I’ll write it out here in a fully implemeneted function, but in essance, a linear fit of Goals as predicted by the combination of Home (for any given game), Team (whichever team we focus on) and Away (for any given game). This gives us back a list of parameters in the form of a ‘Home’ strength, and Team[nhlteam] and Opponent[nhlteam] strengths. Those are fed back into the ‘fitted’ function which provides us with the expected goals for each game, provided as a list of home goals followed by away goals. When those are compared to the actual goals in the DCoptimRhoFn, we get a value for rho, the low-scoring enhancer. Lambda and mu are extracted using the predict function. The remainder of the score prediction code we have works the same from this point on, but I’ve included some of it to get a prediction value out.
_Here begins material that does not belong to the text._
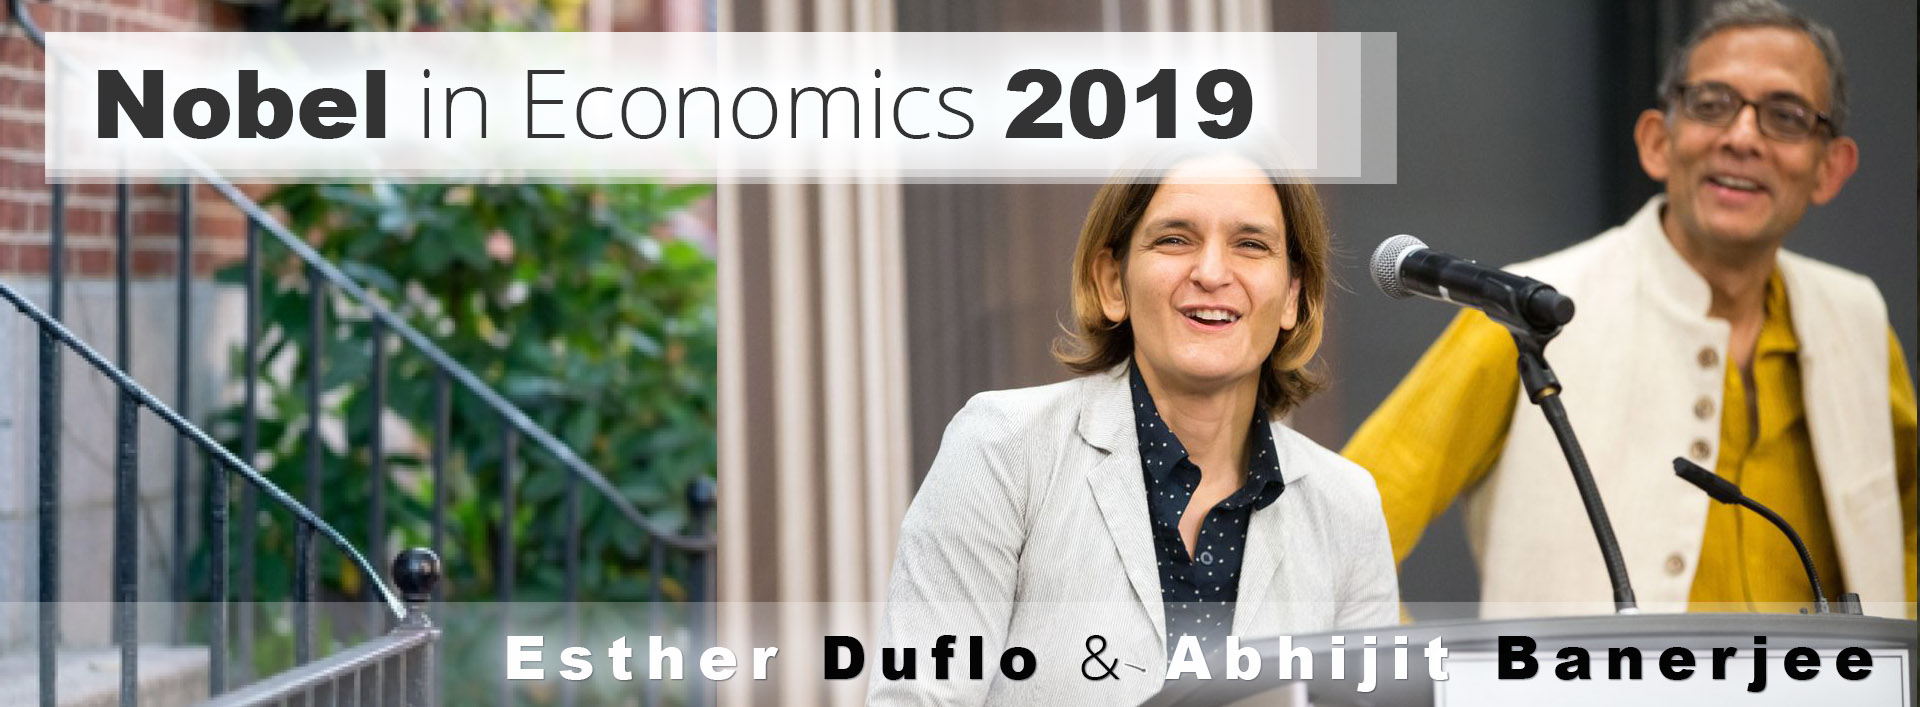 Poor-Economics__Esther-Duflo-and-Abhijit-Banerjee__Nobel-in-Economics

doFastFit <- function(df) {
    df.indep <- data.frame(Team = as.factor(c(as.character(df$HomeTeam), as.character(df$AwayTeam))), 
        Opponent = as.factor(c(as.character(df$AwayTeam), as.character(df$HomeTeam))), 
        Goals = c(df$HG, df$AG), Home = c(rep(1, dim(df)[1]), rep(0, dim(df)[1])))
    m <- glm(Goals ~ Home + Team + Opponent, data = df.indep, family = poisson())
    return(m)
}

doFastDC <- function(m, df) {
    expected <- fitted(m)
    home.expected <- expected[1:nrow(df)]
    away.expected <- expected[(nrow(df) + 1):(nrow(df) * 2)]
    
    DCoptimRhoFn.fast <- function(par) {
        rho <- par[1]
        DClogLik(df$HG, df$AG, home.expected, away.expected, rho)
    }
    
    res <- optim(par = c(0.1), fn = DCoptimRhoFn.fast, control = list(fnscale = -1), 
        method = "BFGS")
    return(res)
}

fastDCPredict <- function(m, res, home, away, maxgoal = 7) {
    # Expected goals home
    lambda <- predict(m, data.frame(Home = 1, Team = home, Opponent = away), 
        type = "response")
    
    # Expected goals away
    mu <- predict(m, data.frame(Home = 0, Team = away, Opponent = home), type = "response")
    
    probability_matrix <- dpois(0:maxgoal, lambda) %*% t(dpois(0:maxgoal, mu))
    
    scaling_matrix <- matrix(tau(c(0, 1, 0, 1), c(0, 0, 1, 1), lambda, mu, res$par), 
        nrow = 2)
    probability_matrix[1:2, 1:2] <- probability_matrix[1:2, 1:2] * scaling_matrix
    
    HomeWinProbability <- sum(probability_matrix[lower.tri(probability_matrix)])
    DrawProbability <- sum(diag(probability_matrix))
    AwayWinProbability <- sum(probability_matrix[upper.tri(probability_matrix)])
    
    return(c(HomeWinProbability, DrawProbability, AwayWinProbability))
}

t <- proc.time()
mAll <- doFastFit(nhl_all)
resAll <- doFastDC(mAll, nhl_all)
tFast <- proc.time() - t

So, for all the data, that provides us with a fitting in 3 seconds, compared to 547 seconds for the above method. We’ll continue to use this method for speed in later work as we predict results for some games!

Written on August 5, 2016